Where the line containing "Alfombra redonda artesanal" appears below, start there and repeat each line exactly to the end. Leave the pictures out.

**GIVEN INFORMATION:**
******

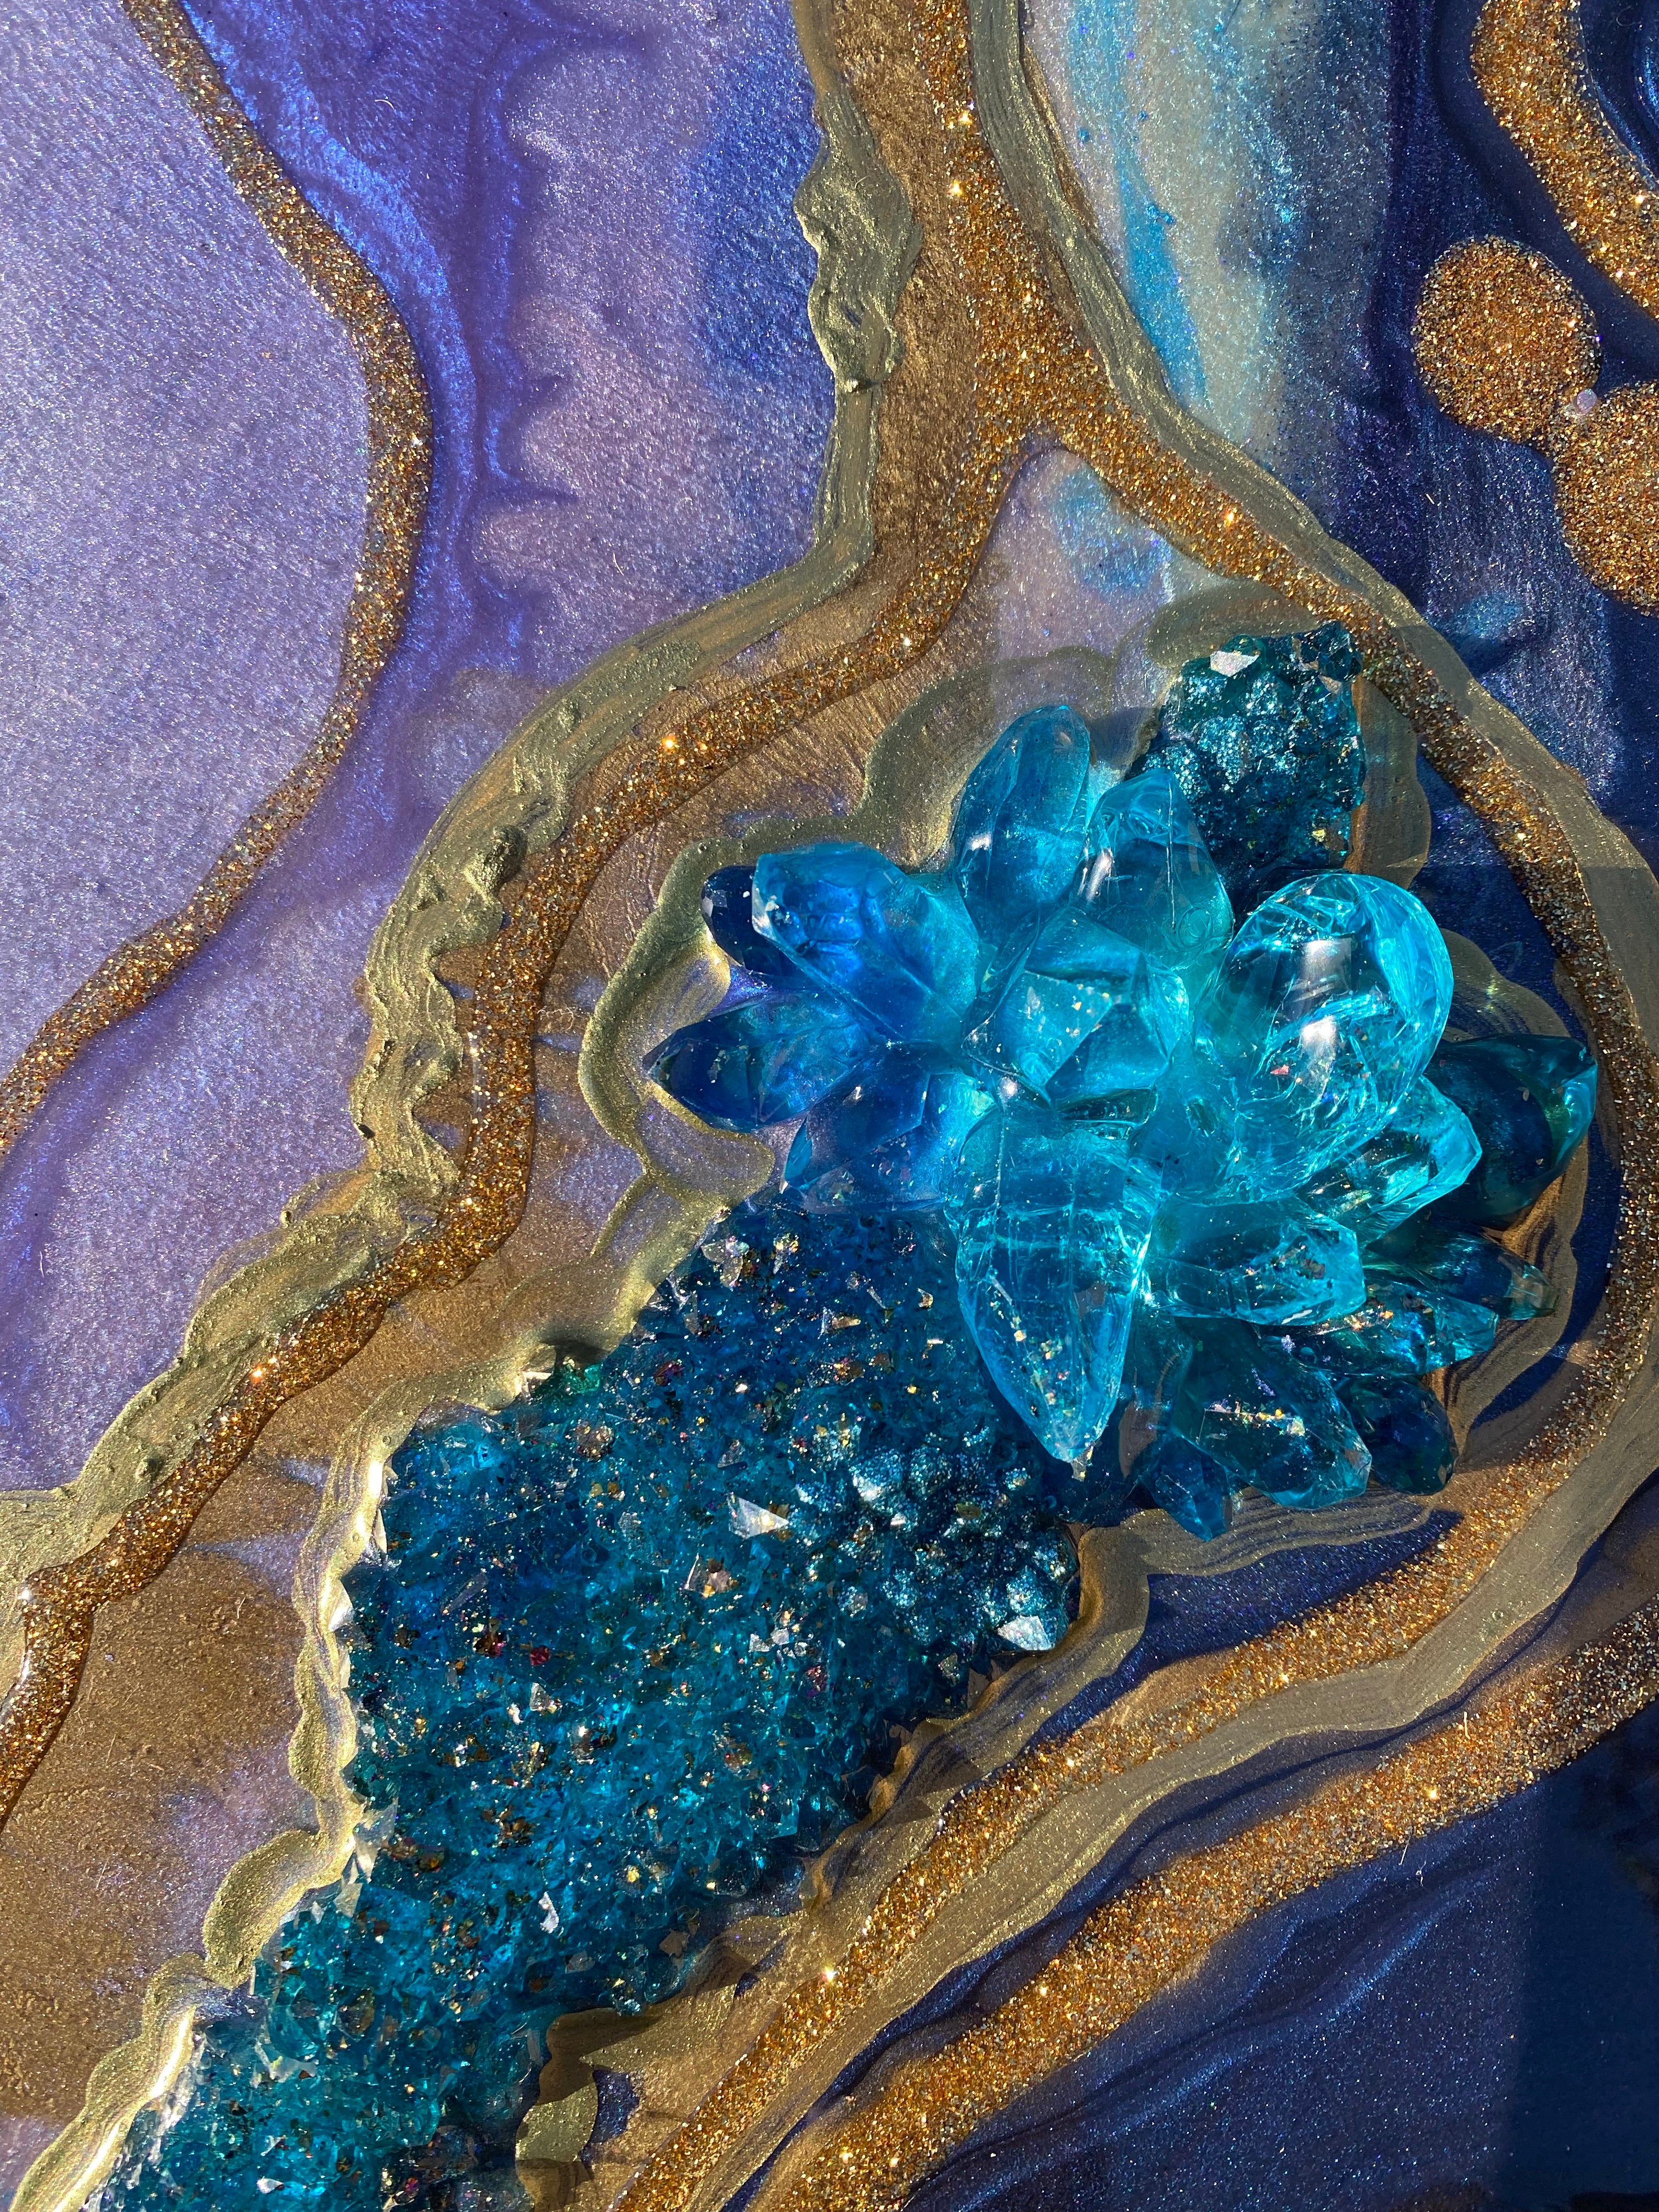 Amethyst Geode. Freeform Purple and Gold Geode Gemstone Artwork with Amethysts
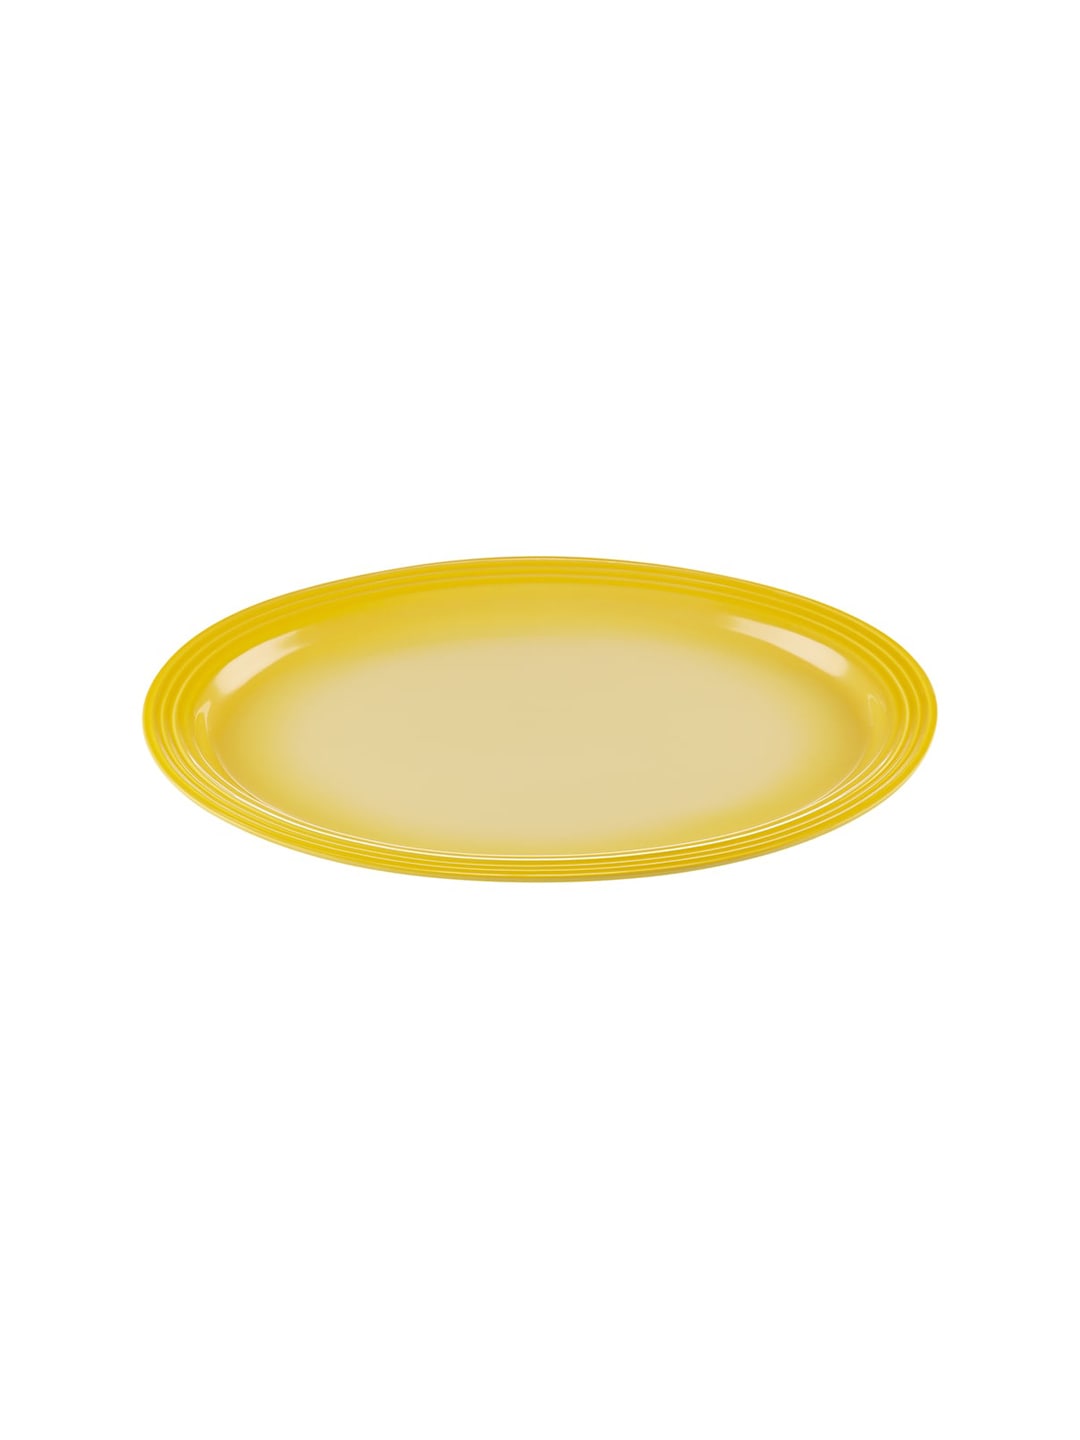 LE CREUSET Yellow Solid Ceramic Platter Price in India
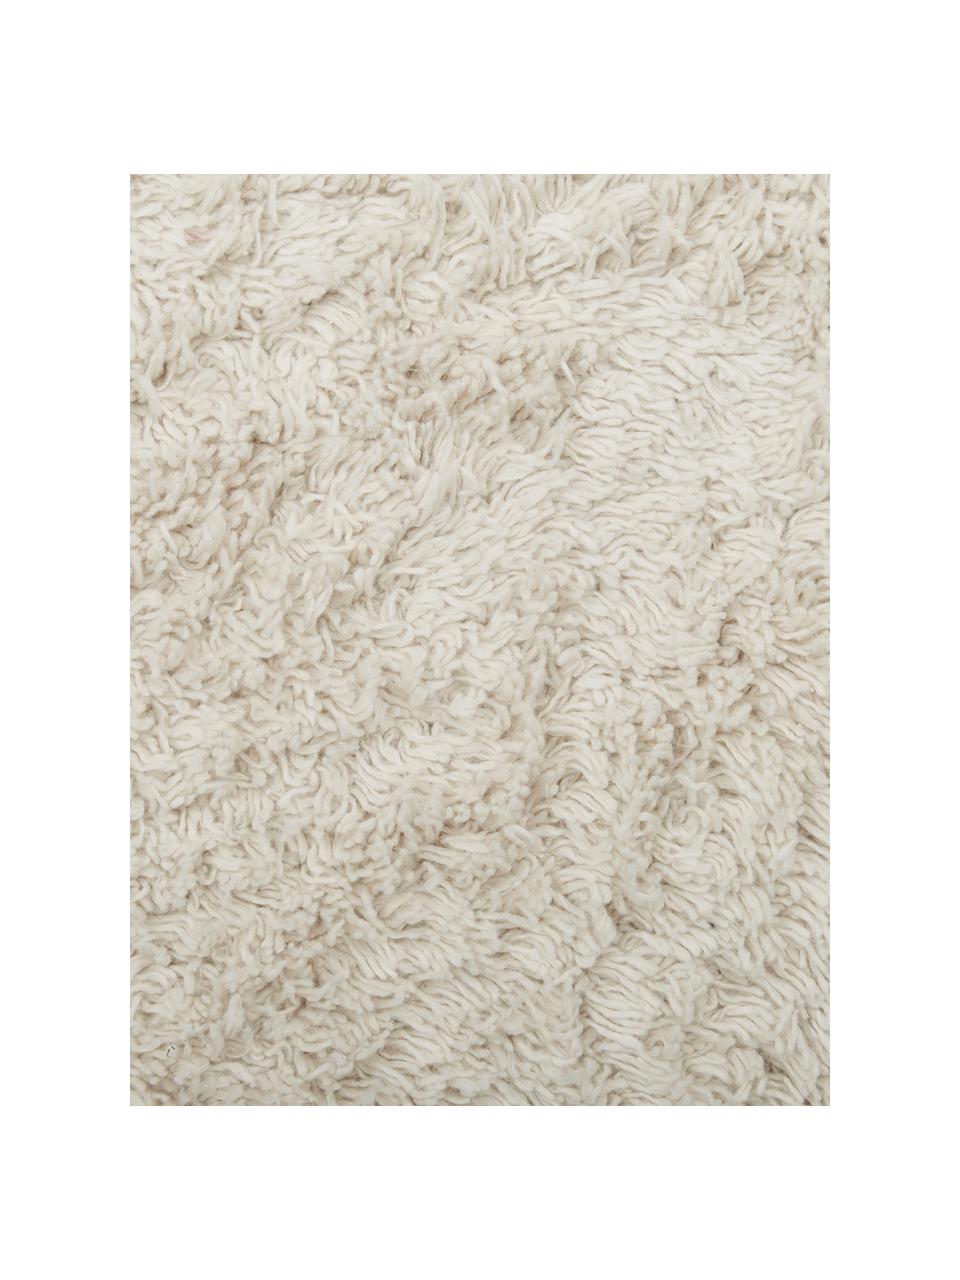 Alfombra redonda artesanal de algodón Daya, Blanco crema, Ø 120 cm (Tamaño S)
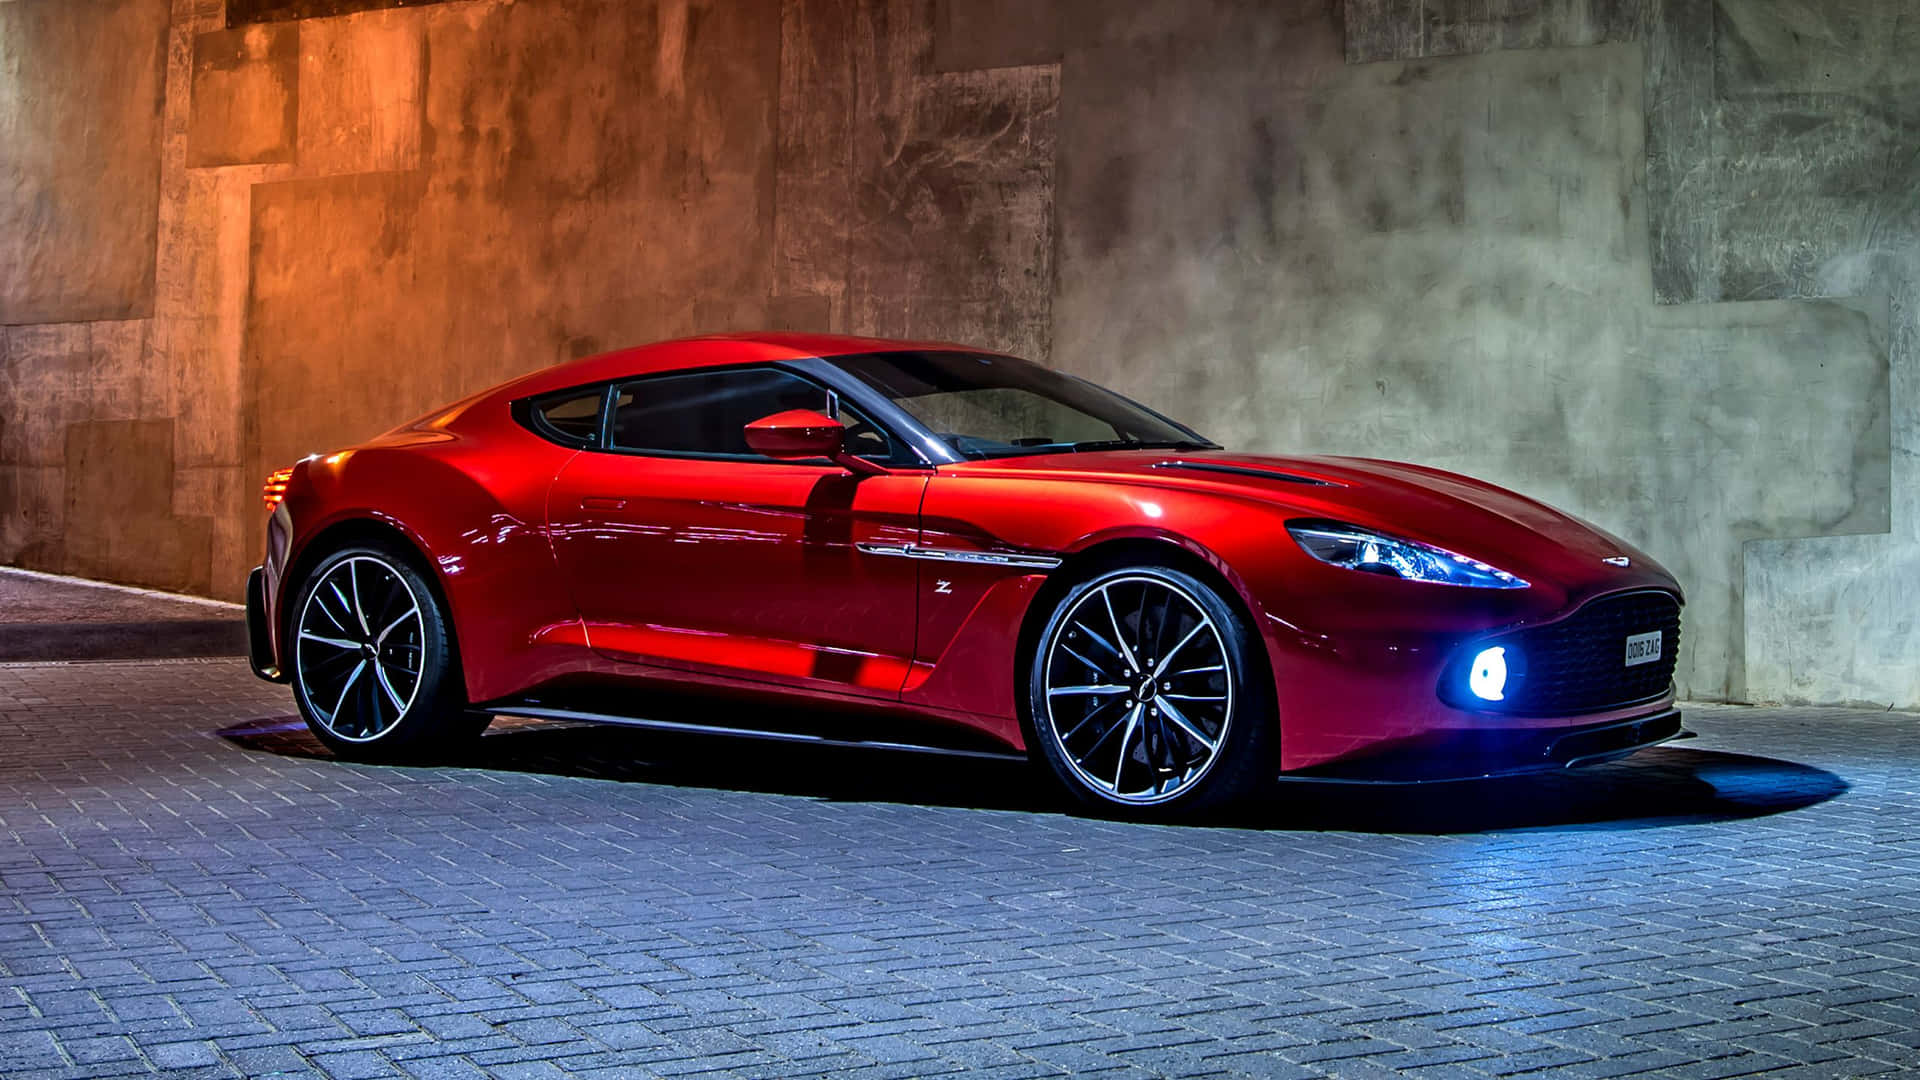 Stunning Aston Martin Vanquish in Vibrant Red Wallpaper

******

**SOLVED PROBLEM:**
 Alfombra redonda artesanal de algodón Daya, Blanco crema, Ø 120 cm (Tamaño S)
 Stunning Aston Martin Vanquish in Vibrant Red Wallpaper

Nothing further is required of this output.